Beneath this task is a listing; retype all of it exactly.

SOURCE RECORDS -
-*-*-

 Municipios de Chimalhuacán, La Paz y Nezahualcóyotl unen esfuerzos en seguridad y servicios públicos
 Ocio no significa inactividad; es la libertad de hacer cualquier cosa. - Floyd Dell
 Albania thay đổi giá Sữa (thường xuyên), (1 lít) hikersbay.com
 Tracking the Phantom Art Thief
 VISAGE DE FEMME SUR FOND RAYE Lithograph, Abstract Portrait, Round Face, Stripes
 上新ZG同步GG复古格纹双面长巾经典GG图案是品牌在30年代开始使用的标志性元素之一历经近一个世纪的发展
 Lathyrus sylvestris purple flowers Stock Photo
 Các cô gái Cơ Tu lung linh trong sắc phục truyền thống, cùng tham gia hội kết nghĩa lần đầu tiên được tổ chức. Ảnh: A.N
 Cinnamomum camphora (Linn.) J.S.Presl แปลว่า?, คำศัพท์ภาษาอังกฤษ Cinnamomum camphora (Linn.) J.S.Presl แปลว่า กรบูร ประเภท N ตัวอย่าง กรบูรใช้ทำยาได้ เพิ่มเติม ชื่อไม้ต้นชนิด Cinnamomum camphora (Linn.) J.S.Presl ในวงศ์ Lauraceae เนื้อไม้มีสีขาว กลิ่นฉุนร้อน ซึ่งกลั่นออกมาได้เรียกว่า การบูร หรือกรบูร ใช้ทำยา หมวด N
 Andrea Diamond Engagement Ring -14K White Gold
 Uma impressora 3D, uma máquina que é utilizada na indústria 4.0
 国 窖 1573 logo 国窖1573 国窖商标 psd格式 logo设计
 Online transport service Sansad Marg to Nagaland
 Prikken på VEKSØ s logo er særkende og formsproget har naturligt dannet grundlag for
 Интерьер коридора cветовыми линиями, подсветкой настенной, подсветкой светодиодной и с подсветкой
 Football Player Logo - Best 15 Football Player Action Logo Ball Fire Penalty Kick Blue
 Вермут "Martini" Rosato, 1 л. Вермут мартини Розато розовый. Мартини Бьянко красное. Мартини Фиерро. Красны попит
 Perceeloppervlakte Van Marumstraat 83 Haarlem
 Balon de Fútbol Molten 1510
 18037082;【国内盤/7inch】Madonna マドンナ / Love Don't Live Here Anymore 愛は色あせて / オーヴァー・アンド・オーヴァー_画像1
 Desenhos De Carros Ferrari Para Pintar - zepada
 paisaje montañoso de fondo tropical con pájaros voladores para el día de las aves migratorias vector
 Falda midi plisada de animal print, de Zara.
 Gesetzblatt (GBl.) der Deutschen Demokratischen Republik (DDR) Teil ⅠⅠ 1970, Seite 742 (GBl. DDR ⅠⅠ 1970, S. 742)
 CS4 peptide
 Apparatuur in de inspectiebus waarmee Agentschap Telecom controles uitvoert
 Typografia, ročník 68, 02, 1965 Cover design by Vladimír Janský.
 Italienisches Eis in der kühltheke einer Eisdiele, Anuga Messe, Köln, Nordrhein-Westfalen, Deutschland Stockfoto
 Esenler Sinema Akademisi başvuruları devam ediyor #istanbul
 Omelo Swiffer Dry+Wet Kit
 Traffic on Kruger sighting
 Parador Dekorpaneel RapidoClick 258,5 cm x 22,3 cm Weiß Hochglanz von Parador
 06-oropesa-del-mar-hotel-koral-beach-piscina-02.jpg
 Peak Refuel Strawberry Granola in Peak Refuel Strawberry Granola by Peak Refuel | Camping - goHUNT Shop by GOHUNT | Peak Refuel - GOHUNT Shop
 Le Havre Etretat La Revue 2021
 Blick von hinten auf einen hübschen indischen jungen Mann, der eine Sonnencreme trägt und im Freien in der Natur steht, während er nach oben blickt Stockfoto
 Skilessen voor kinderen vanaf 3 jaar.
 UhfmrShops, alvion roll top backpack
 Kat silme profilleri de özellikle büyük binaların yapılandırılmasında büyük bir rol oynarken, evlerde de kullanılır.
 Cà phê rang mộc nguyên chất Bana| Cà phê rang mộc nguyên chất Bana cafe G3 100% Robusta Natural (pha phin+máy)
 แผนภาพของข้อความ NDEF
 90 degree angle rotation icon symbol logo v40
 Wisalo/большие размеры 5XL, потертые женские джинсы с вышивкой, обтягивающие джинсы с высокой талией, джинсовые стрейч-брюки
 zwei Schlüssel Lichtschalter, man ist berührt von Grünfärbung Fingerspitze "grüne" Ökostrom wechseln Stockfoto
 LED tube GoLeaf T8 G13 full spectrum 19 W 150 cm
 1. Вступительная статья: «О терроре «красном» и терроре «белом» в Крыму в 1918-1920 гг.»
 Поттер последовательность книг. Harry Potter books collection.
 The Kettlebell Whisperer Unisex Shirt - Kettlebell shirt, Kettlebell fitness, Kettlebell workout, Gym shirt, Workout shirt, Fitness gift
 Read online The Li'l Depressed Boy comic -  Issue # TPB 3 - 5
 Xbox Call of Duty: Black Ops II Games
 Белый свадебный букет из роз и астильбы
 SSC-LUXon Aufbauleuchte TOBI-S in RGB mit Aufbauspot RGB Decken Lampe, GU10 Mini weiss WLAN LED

-*-*-

ANSWER AREA -
 Municipios de Chimalhuacán, La Paz y Nezahualcóyotl unen esfuerzos en seguridad y servicios públicos
 Ocio no significa inactividad; es la libertad de hacer cualquier cosa. - Floyd Dell
 Albania thay đổi giá Sữa (thường xuyên), (1 lít) hikersbay.com
 Tracking the Phantom Art Thief
 VISAGE DE FEMME SUR FOND RAYE Lithograph, Abstract Portrait, Round Face, Stripes
 上新ZG同步GG复古格纹双面长巾经典GG图案是品牌在30年代开始使用的标志性元素之一历经近一个世纪的发展
 Lathyrus sylvestris purple flowers Stock Photo
 Các cô gái Cơ Tu lung linh trong sắc phục truyền thống, cùng tham gia hội kết nghĩa lần đầu tiên được tổ chức. Ảnh: A.N
 Cinnamomum camphora (Linn.) J.S.Presl แปลว่า?, คำศัพท์ภาษาอังกฤษ Cinnamomum camphora (Linn.) J.S.Presl แปลว่า กรบูร ประเภท N ตัวอย่าง กรบูรใช้ทำยาได้ เพิ่มเติม ชื่อไม้ต้นชนิด Cinnamomum camphora (Linn.) J.S.Presl ในวงศ์ Lauraceae เนื้อไม้มีสีขาว กลิ่นฉุนร้อน ซึ่งกลั่นออกมาได้เรียกว่า การบูร หรือกรบูร ใช้ทำยา หมวด N
 Andrea Diamond Engagement Ring -14K White Gold
 Uma impressora 3D, uma máquina que é utilizada na indústria 4.0
 国 窖 1573 logo 国窖1573 国窖商标 psd格式 logo设计
 Online transport service Sansad Marg to Nagaland
 Prikken på VEKSØ s logo er særkende og formsproget har naturligt dannet grundlag for
 Интерьер коридора cветовыми линиями, подсветкой настенной, подсветкой светодиодной и с подсветкой
 Football Player Logo - Best 15 Football Player Action Logo Ball Fire Penalty Kick Blue
 Вермут "Martini" Rosato, 1 л. Вермут мартини Розато розовый. Мартини Бьянко красное. Мартини Фиерро. Красны попит
 Perceeloppervlakte Van Marumstraat 83 Haarlem
 Balon de Fútbol Molten 1510
 18037082;【国内盤/7inch】Madonna マドンナ / Love Don't Live Here Anymore 愛は色あせて / オーヴァー・アンド・オーヴァー_画像1
 Desenhos De Carros Ferrari Para Pintar - zepada
 paisaje montañoso de fondo tropical con pájaros voladores para el día de las aves migratorias vector
 Falda midi plisada de animal print, de Zara.
 Gesetzblatt (GBl.) der Deutschen Demokratischen Republik (DDR) Teil ⅠⅠ 1970, Seite 742 (GBl. DDR ⅠⅠ 1970, S. 742)
 CS4 peptide
 Apparatuur in de inspectiebus waarmee Agentschap Telecom controles uitvoert
 Typografia, ročník 68, 02, 1965 Cover design by Vladimír Janský.
 Italienisches Eis in der kühltheke einer Eisdiele, Anuga Messe, Köln, Nordrhein-Westfalen, Deutschland Stockfoto
 Esenler Sinema Akademisi başvuruları devam ediyor #istanbul
 Omelo Swiffer Dry+Wet Kit
 Traffic on Kruger sighting
 Parador Dekorpaneel RapidoClick 258,5 cm x 22,3 cm Weiß Hochglanz von Parador
 06-oropesa-del-mar-hotel-koral-beach-piscina-02.jpg
 Peak Refuel Strawberry Granola in Peak Refuel Strawberry Granola by Peak Refuel | Camping - goHUNT Shop by GOHUNT | Peak Refuel - GOHUNT Shop
 Le Havre Etretat La Revue 2021
 Blick von hinten auf einen hübschen indischen jungen Mann, der eine Sonnencreme trägt und im Freien in der Natur steht, während er nach oben blickt Stockfoto
 Skilessen voor kinderen vanaf 3 jaar.
 UhfmrShops, alvion roll top backpack
 Kat silme profilleri de özellikle büyük binaların yapılandırılmasında büyük bir rol oynarken, evlerde de kullanılır.
 Cà phê rang mộc nguyên chất Bana| Cà phê rang mộc nguyên chất Bana cafe G3 100% Robusta Natural (pha phin+máy)
 แผนภาพของข้อความ NDEF
 90 degree angle rotation icon symbol logo v40
 Wisalo/большие размеры 5XL, потертые женские джинсы с вышивкой, обтягивающие джинсы с высокой талией, джинсовые стрейч-брюки
 zwei Schlüssel Lichtschalter, man ist berührt von Grünfärbung Fingerspitze "grüne" Ökostrom wechseln Stockfoto
 LED tube GoLeaf T8 G13 full spectrum 19 W 150 cm
 1. Вступительная статья: «О терроре «красном» и терроре «белом» в Крыму в 1918-1920 гг.»
 Поттер последовательность книг. Harry Potter books collection.
 The Kettlebell Whisperer Unisex Shirt - Kettlebell shirt, Kettlebell fitness, Kettlebell workout, Gym shirt, Workout shirt, Fitness gift
 Read online The Li'l Depressed Boy comic -  Issue # TPB 3 - 5
 Xbox Call of Duty: Black Ops II Games
 Белый свадебный букет из роз и астильбы
 SSC-LUXon Aufbauleuchte TOBI-S in RGB mit Aufbauspot RGB Decken Lampe, GU10 Mini weiss WLAN LED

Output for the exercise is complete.